[RECORDS — start]

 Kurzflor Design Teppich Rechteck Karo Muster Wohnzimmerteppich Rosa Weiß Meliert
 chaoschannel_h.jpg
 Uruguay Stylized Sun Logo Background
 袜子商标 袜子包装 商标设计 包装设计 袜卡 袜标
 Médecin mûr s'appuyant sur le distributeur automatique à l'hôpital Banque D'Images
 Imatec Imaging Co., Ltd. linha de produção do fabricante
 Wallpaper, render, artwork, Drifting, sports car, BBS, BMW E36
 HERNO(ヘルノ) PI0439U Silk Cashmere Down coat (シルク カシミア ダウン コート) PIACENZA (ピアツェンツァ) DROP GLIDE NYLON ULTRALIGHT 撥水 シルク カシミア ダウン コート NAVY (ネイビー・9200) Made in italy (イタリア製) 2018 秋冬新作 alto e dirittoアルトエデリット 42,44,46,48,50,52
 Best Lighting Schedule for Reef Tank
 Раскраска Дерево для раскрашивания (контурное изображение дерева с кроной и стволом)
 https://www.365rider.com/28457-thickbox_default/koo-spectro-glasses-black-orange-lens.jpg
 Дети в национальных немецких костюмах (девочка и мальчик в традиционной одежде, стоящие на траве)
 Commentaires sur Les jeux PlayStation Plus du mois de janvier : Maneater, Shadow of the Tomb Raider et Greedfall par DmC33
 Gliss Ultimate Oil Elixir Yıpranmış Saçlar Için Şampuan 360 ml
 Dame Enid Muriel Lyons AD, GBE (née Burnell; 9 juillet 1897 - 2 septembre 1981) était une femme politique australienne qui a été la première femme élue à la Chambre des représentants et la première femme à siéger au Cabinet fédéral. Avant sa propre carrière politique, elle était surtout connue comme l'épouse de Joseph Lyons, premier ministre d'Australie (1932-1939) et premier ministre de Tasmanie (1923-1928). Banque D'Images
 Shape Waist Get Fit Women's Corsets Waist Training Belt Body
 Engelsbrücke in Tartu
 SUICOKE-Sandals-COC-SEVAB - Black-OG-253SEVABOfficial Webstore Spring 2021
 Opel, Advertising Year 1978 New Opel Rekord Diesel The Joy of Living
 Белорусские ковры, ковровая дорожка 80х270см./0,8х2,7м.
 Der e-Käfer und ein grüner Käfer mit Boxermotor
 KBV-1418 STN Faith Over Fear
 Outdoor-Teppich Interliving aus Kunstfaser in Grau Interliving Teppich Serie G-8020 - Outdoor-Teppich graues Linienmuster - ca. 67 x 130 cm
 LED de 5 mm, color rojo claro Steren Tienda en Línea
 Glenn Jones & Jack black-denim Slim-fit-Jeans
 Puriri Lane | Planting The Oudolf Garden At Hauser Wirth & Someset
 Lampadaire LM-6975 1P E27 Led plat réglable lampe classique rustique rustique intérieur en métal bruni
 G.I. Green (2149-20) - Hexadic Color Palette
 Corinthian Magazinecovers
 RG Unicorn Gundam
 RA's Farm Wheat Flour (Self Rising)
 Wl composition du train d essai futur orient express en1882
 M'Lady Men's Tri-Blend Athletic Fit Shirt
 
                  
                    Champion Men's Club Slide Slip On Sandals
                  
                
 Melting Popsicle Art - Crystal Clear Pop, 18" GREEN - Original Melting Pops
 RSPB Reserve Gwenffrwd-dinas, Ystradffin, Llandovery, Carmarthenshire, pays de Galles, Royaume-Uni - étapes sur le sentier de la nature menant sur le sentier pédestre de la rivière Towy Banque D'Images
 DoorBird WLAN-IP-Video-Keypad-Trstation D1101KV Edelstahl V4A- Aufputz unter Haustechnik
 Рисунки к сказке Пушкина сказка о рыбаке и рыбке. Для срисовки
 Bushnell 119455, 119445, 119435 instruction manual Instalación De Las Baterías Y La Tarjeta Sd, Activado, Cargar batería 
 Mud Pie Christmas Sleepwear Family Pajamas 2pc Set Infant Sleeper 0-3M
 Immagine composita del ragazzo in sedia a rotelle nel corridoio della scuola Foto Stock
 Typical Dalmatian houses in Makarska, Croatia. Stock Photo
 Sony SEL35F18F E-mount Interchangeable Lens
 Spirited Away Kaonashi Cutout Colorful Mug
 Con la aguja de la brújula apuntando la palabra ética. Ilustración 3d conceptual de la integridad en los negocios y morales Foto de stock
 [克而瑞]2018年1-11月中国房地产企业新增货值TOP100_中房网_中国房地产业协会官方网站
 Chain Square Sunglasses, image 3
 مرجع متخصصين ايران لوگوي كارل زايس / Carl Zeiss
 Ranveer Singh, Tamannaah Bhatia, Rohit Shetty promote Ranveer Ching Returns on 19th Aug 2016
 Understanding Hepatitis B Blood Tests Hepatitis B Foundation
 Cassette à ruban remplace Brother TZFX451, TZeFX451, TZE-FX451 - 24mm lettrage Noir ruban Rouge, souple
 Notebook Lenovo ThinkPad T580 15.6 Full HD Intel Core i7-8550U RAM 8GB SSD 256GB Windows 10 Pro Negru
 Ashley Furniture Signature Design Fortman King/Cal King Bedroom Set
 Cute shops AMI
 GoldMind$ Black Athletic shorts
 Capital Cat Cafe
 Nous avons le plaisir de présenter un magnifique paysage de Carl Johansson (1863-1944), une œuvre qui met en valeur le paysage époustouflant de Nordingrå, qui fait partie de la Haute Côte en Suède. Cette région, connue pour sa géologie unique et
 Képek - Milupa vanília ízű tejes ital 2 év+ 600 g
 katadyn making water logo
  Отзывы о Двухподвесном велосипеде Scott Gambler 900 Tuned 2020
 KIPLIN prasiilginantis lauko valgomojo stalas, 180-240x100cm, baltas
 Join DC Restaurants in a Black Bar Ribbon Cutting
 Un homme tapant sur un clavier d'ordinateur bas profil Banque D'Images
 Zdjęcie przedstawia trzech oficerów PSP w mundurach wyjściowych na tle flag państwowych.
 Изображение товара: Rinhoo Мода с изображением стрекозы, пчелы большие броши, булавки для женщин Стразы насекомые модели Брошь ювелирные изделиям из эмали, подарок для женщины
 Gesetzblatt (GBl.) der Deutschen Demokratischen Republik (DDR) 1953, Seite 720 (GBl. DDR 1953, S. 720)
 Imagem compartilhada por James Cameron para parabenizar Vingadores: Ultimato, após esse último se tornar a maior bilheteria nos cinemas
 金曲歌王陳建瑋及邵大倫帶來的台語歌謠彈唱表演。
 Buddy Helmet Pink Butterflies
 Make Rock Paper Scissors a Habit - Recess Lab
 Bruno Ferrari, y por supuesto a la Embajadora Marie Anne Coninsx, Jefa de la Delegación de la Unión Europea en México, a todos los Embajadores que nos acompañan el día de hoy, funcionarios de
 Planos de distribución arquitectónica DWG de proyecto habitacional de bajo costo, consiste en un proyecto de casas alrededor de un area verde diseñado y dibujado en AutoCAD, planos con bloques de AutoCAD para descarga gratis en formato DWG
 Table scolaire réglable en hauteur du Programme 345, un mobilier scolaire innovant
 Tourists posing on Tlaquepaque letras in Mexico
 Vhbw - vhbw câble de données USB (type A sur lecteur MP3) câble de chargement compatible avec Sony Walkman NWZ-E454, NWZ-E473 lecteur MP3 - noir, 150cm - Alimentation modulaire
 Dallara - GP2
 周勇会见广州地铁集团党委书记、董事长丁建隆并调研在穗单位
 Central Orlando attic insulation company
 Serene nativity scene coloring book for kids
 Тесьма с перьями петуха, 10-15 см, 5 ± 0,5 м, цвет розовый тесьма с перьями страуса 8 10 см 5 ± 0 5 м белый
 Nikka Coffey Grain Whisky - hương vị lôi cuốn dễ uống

[RECORDS — finish]

EXERCISE GOAL:
Please write out exactly the line containing "Dallara - GP2" and every line after it through the end of the records, nothing more.

OUTPUT OF THE TASK:
 Dallara - GP2
 周勇会见广州地铁集团党委书记、董事长丁建隆并调研在穗单位
 Central Orlando attic insulation company
 Serene nativity scene coloring book for kids
 Тесьма с перьями петуха, 10-15 см, 5 ± 0,5 м, цвет розовый тесьма с перьями страуса 8 10 см 5 ± 0 5 м белый
 Nikka Coffey Grain Whisky - hương vị lôi cuốn dễ uống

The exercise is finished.